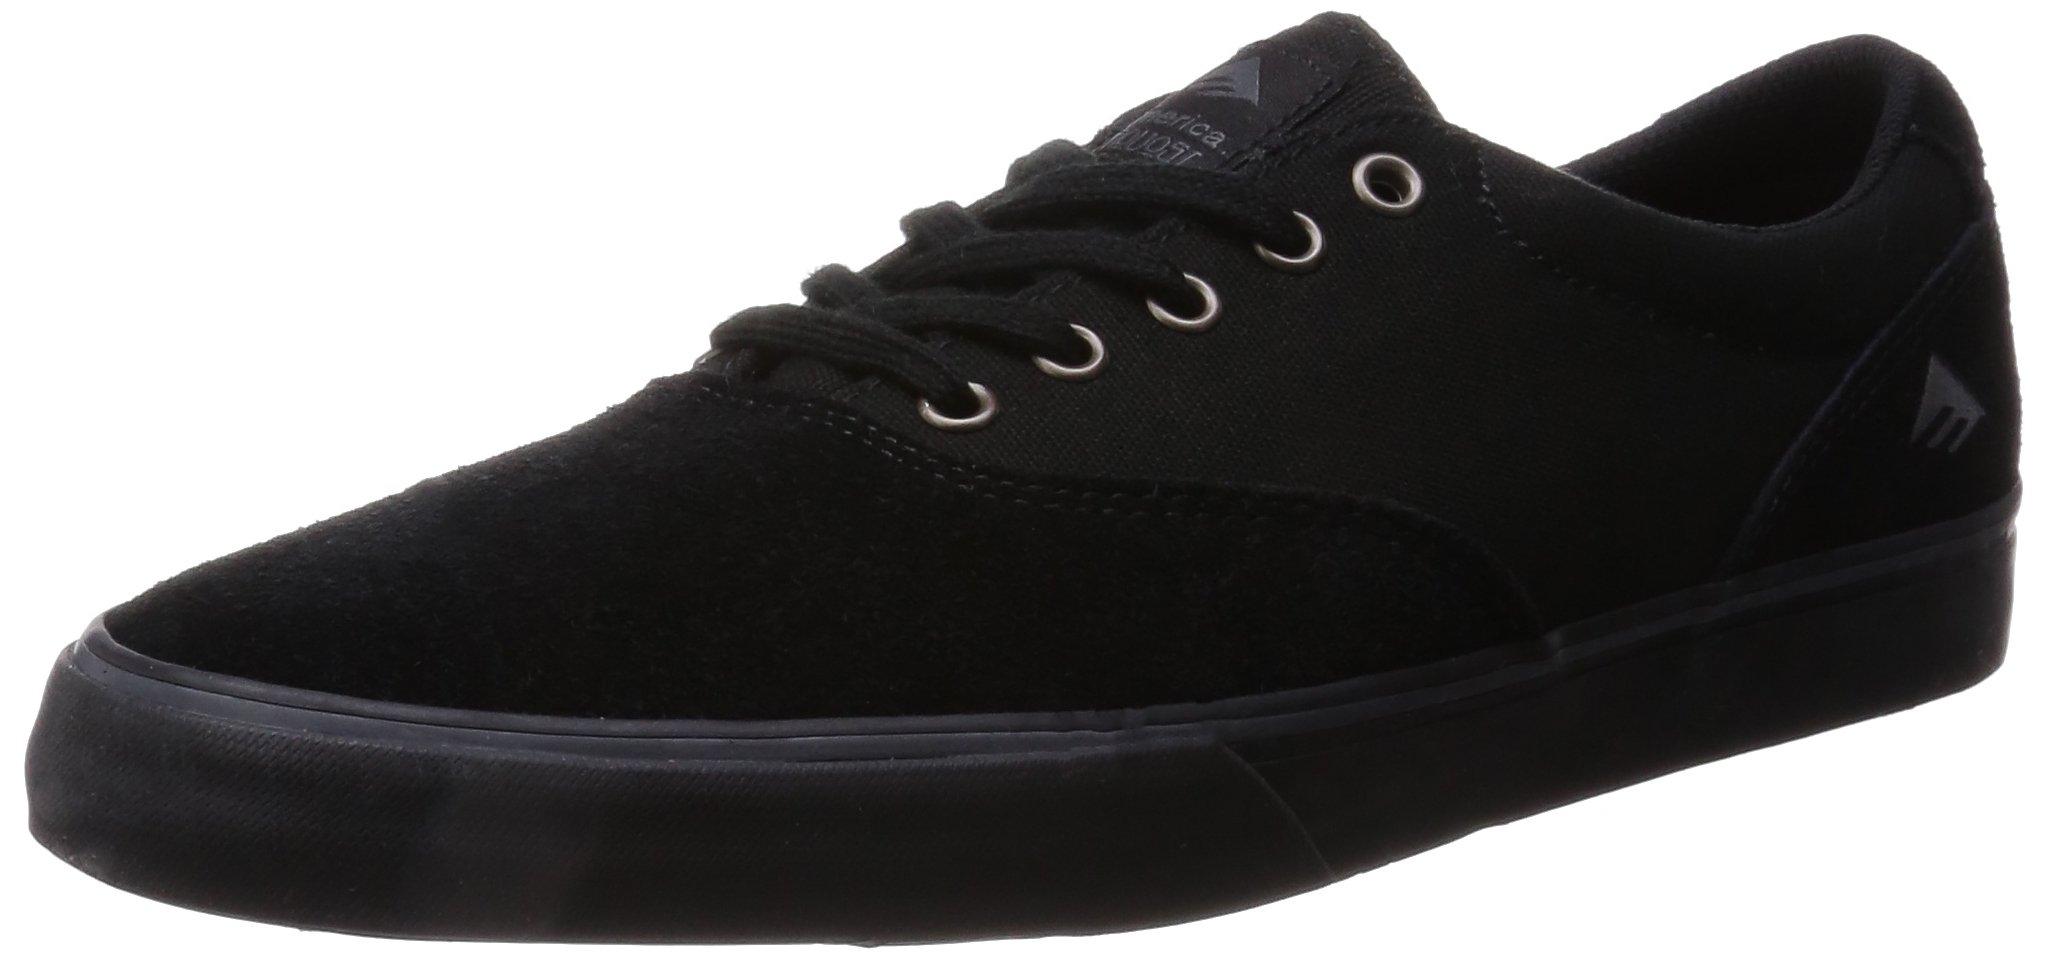 Emerica Provost Slim Vulc Skate Shoe,Black/Black,7
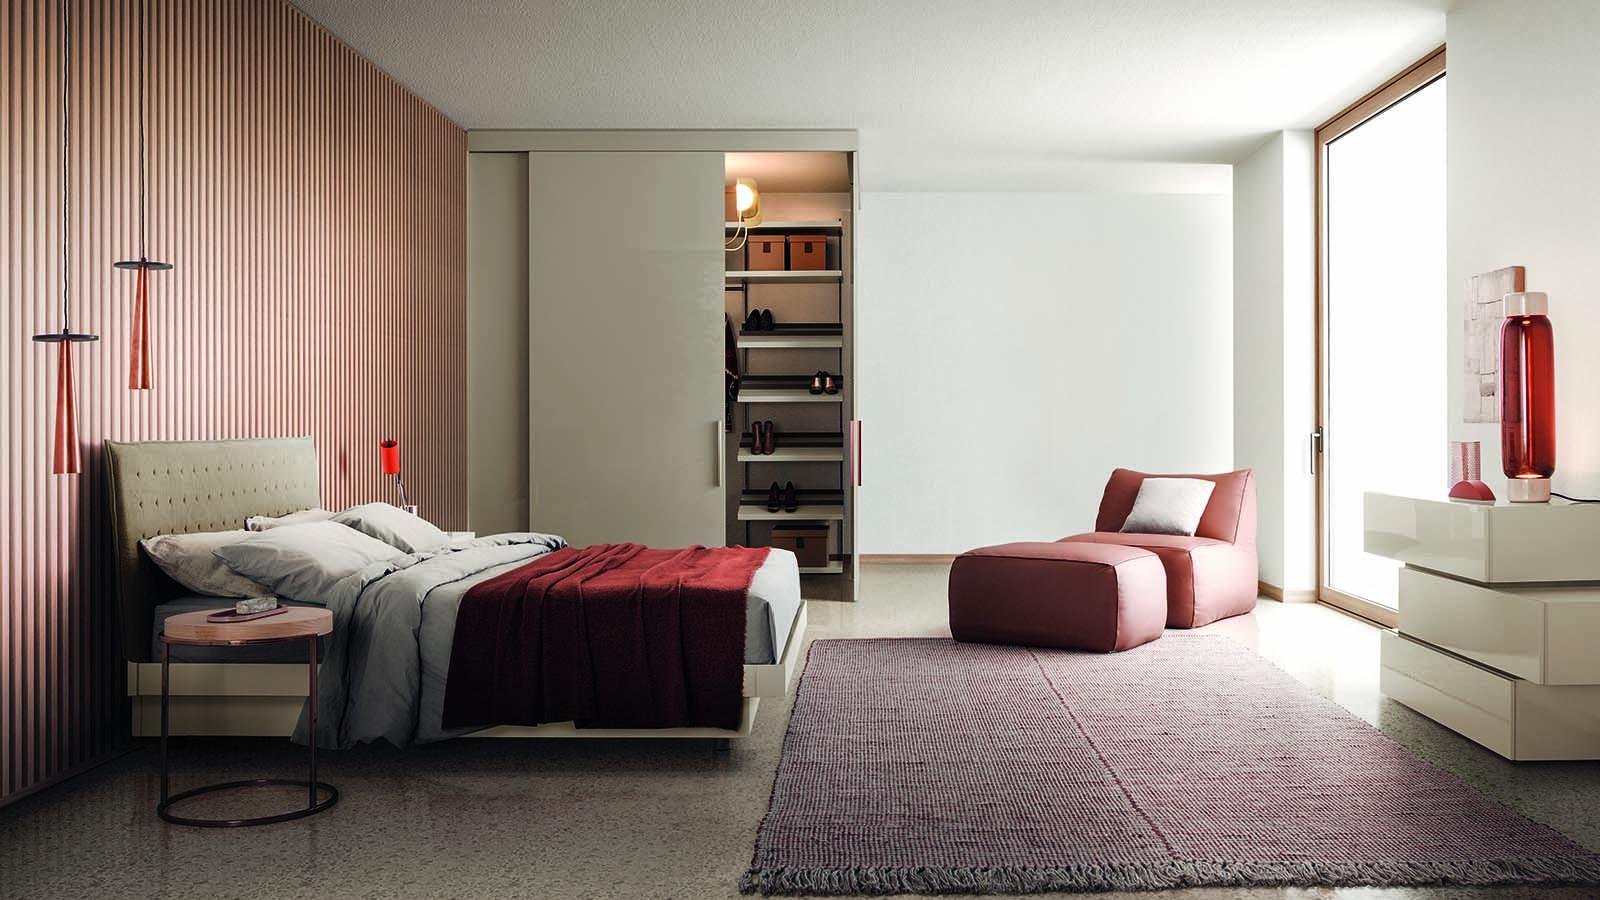 Alfa-bed-testata-PIANCA
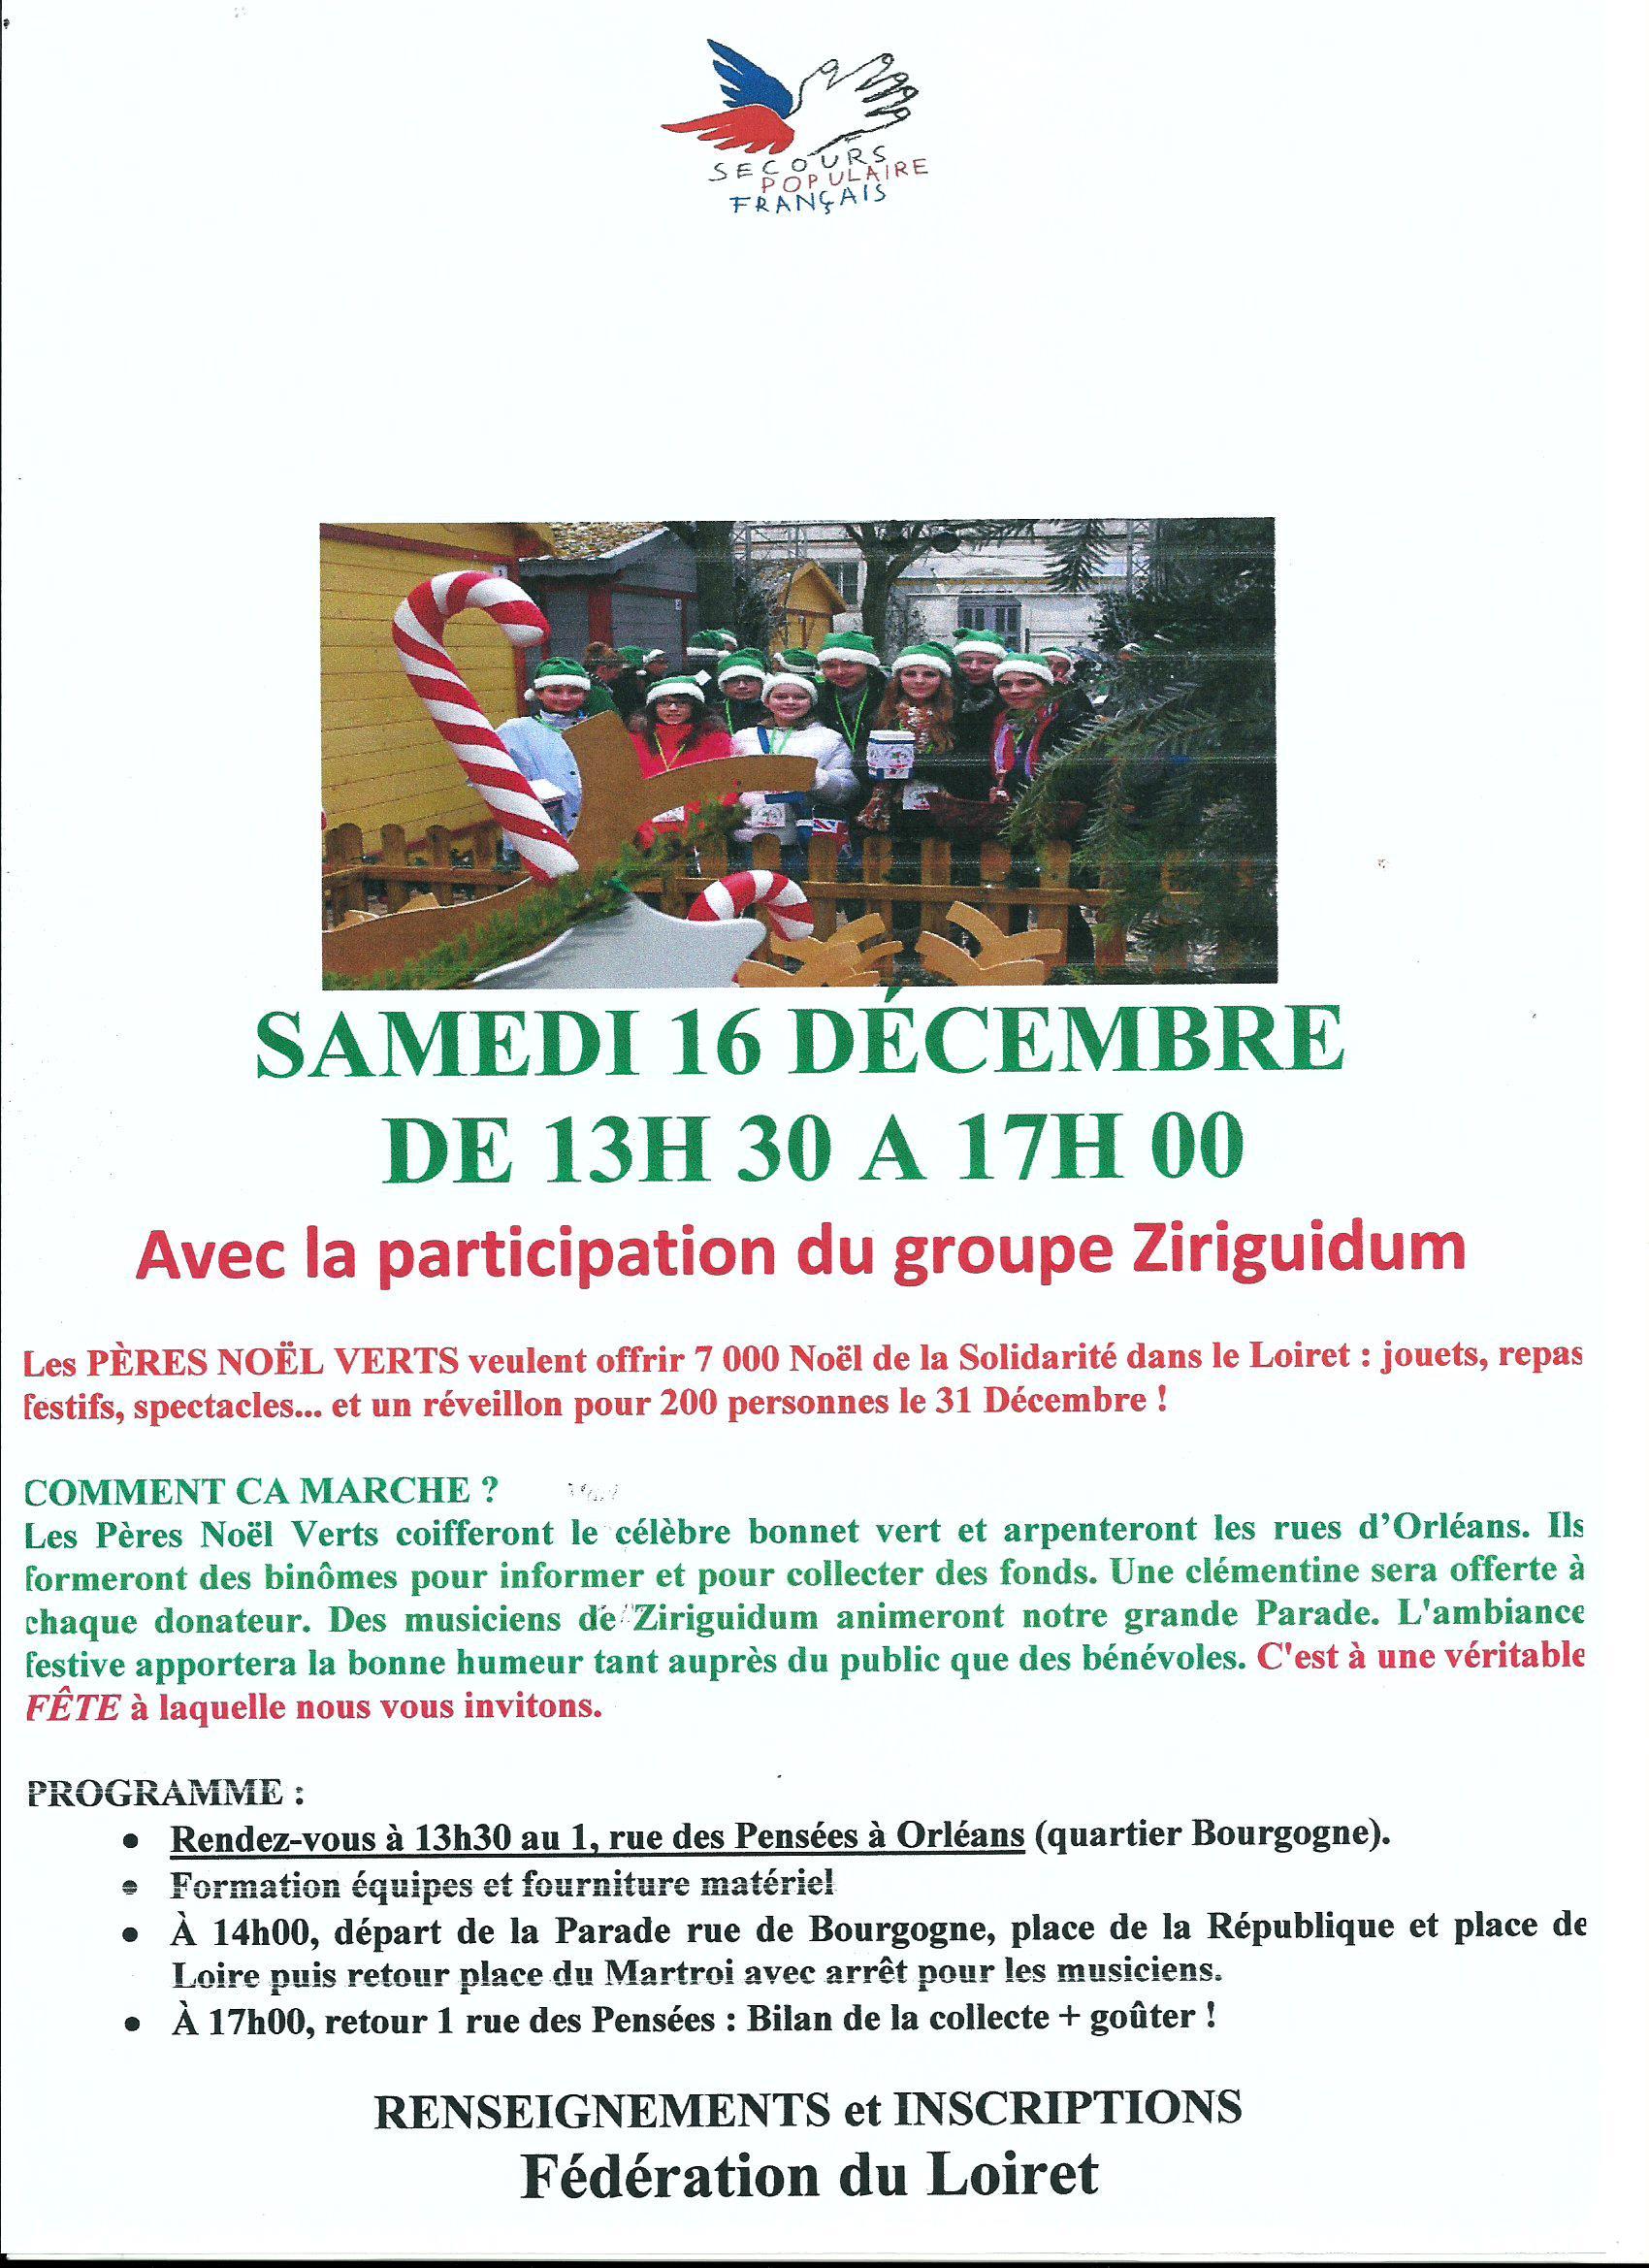 Scan Affiche les père noël verts 2017 SPF (16.12.2017).jpg
=-=-=-=-=
> _Exercise aim_
Repeat the data exactly, without the pictures.

> _Your response_
 Emerica Provost Slim Vulc Skate Shoe,Black/Black,7
 Alfa-bed-testata-PIANCA
 Scan Affiche les père noël verts 2017 SPF (16.12.2017).jpg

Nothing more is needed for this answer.